Dengan Seno

62 7 0
                                    

"Di, makasih yah udah mau menemani aku sampai selesai diskusi dengan teman-teman sekelompokku," kataku sambil menyeimbangkan langkah kakiku dengan Dian yang tampak dengan girang memegang tanganku membimbingku ikut menapaki jalanan kampus.

"Hari ini aku seharian menemanimu," katanya singkat.

Bagaimana bisa seharian, sebentar lagi saja kami akan berpisah, gumamku.

"Aku ikut yah ke kostmu. Tapi temani aku dulu ke kostku siap-siap," ajaknya yang kuiyakan. Seolah memberi jawaban tentang apa yang baru saja kupertanyakan.

Jalanan yang panjang itu terasa lebih singkat kalau ada Dian. Aku senang melihatnya senyum, sudah kubilang kemarin. Senyumnya tampak tulus, tak menyembunyikan apapun. Aku bisa dengan leganya bercerita apapun tanpa takut yang kuceritakan hati ini jadi rahasia umum suatu saat.

"Kamu tiduran aja di kasur, aku siap-siap sebentar ya," katanya sambil mengambil handuk yang dia gantungkan di balik pintu kamarnya.

Kamar kostku tak lagi sepi nanti. Biasanya kost itu akan terasa sepi meski sudah kupasang musik kesukaanku pakai speaker bluetooth miniku yang lucu itu.

***

Aku tak tahu kenapa. Kalau ada teman, rasanya niatku untuk keluar dari kamar kost barang sebentar saja sangat sulit kulakukan. Ingin sekali rasanya kugunakan waktu yang akan terasa singkat itu untuk menemaninya bercerita banyak hal, tentang hobinya yang suka nonton dan menyaksikan dia berteriak sesekali kalau-kalau ada artis idolanya dengan tampilan yang memukau di matanya. Ingin sekali kukatakan padanya tentang pria kesukaannya yang tak pernah menarik di mataku, "Aku tak suka dia". Tapi terserahlah. Aku malah merasa lebih baik menjadi dia yang tak akan pernah disakiti idolanya. Mereka tak pernah bertemu. Tapi lewat layar ponselnya dia bisa saja mengatakan apapun yang dia mau meski idolanya tak akan mendengarnya. Tak seperti aku yang bisa bertemu hampir setiap hari tapi tak bisa berkata apa-apa. Dengan Seno.

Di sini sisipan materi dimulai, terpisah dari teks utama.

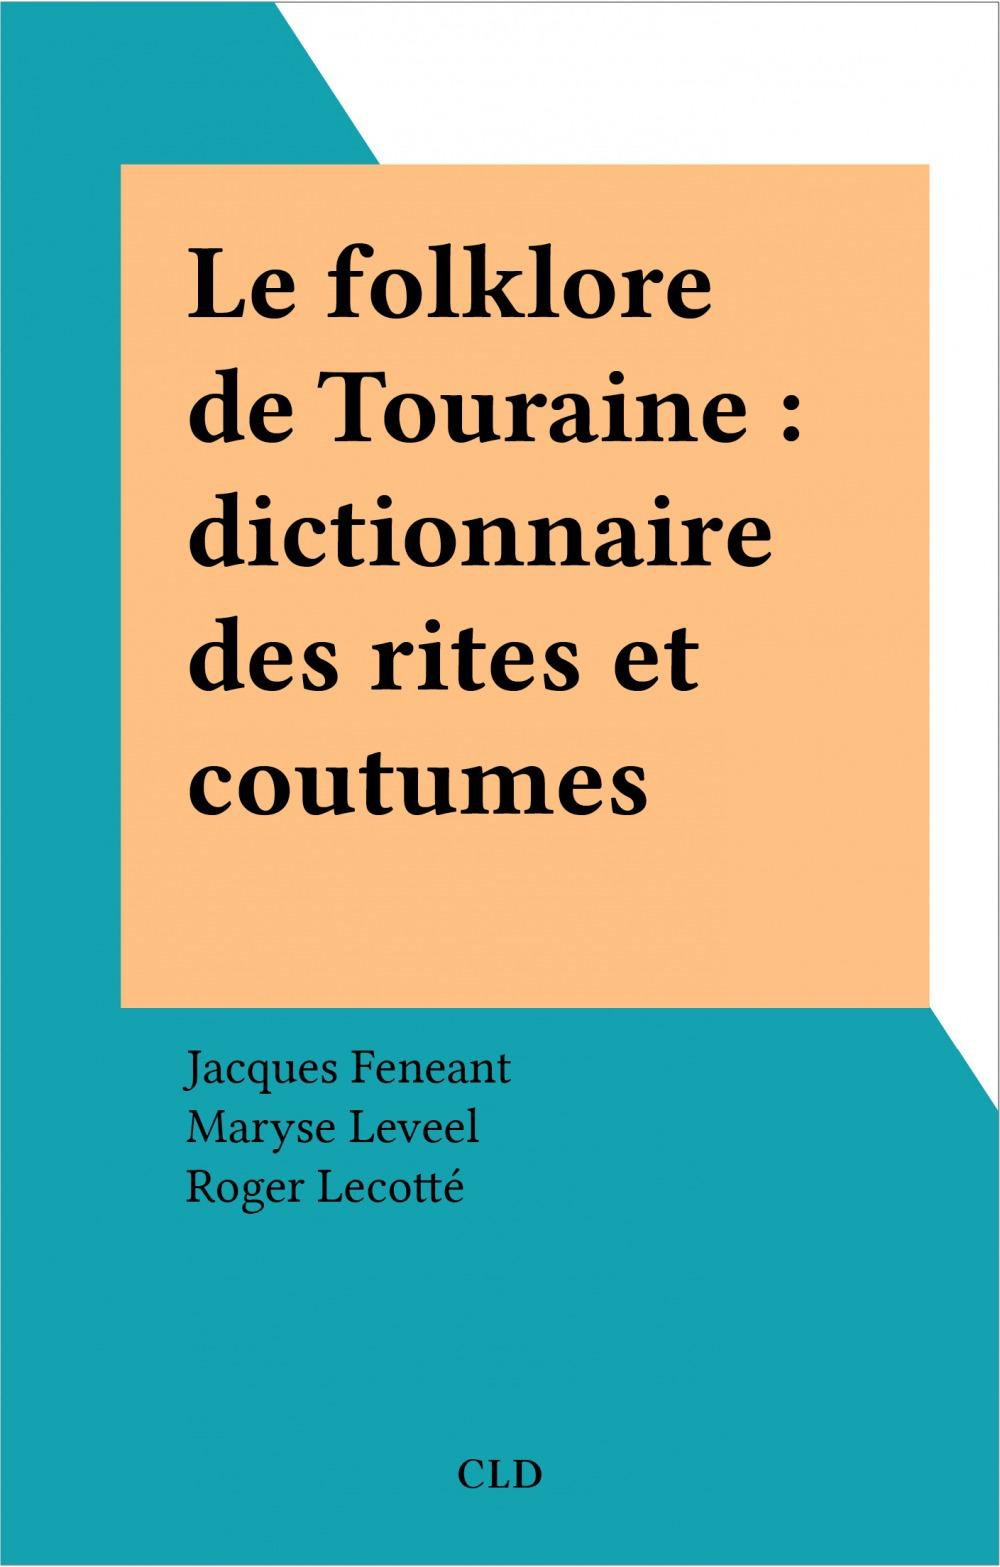 Le folklore de Touraine : dictionnaire des rites et coutumes

"Yos, kami tahu, dia pasti tahu apa yang kami teriakkan, Yos"

"Seperti Tuhan saja dia, Di"

"Bukan. Tapi kalau hatinya terasa dekat, telepatinya terjaga loh"

Sontak jantungku terasa berhenti berdetak sebentar. Aku seharusnya mengerti, bersama Seno dan menghabiskan hari tua bersamanya hanyalah mimpi. Aku seharusnya menyadari ini lebih cepat. Agar aku lebih cepat paham, dengan Seno hanyalah rumus matematika yang tak punya penyelesaian.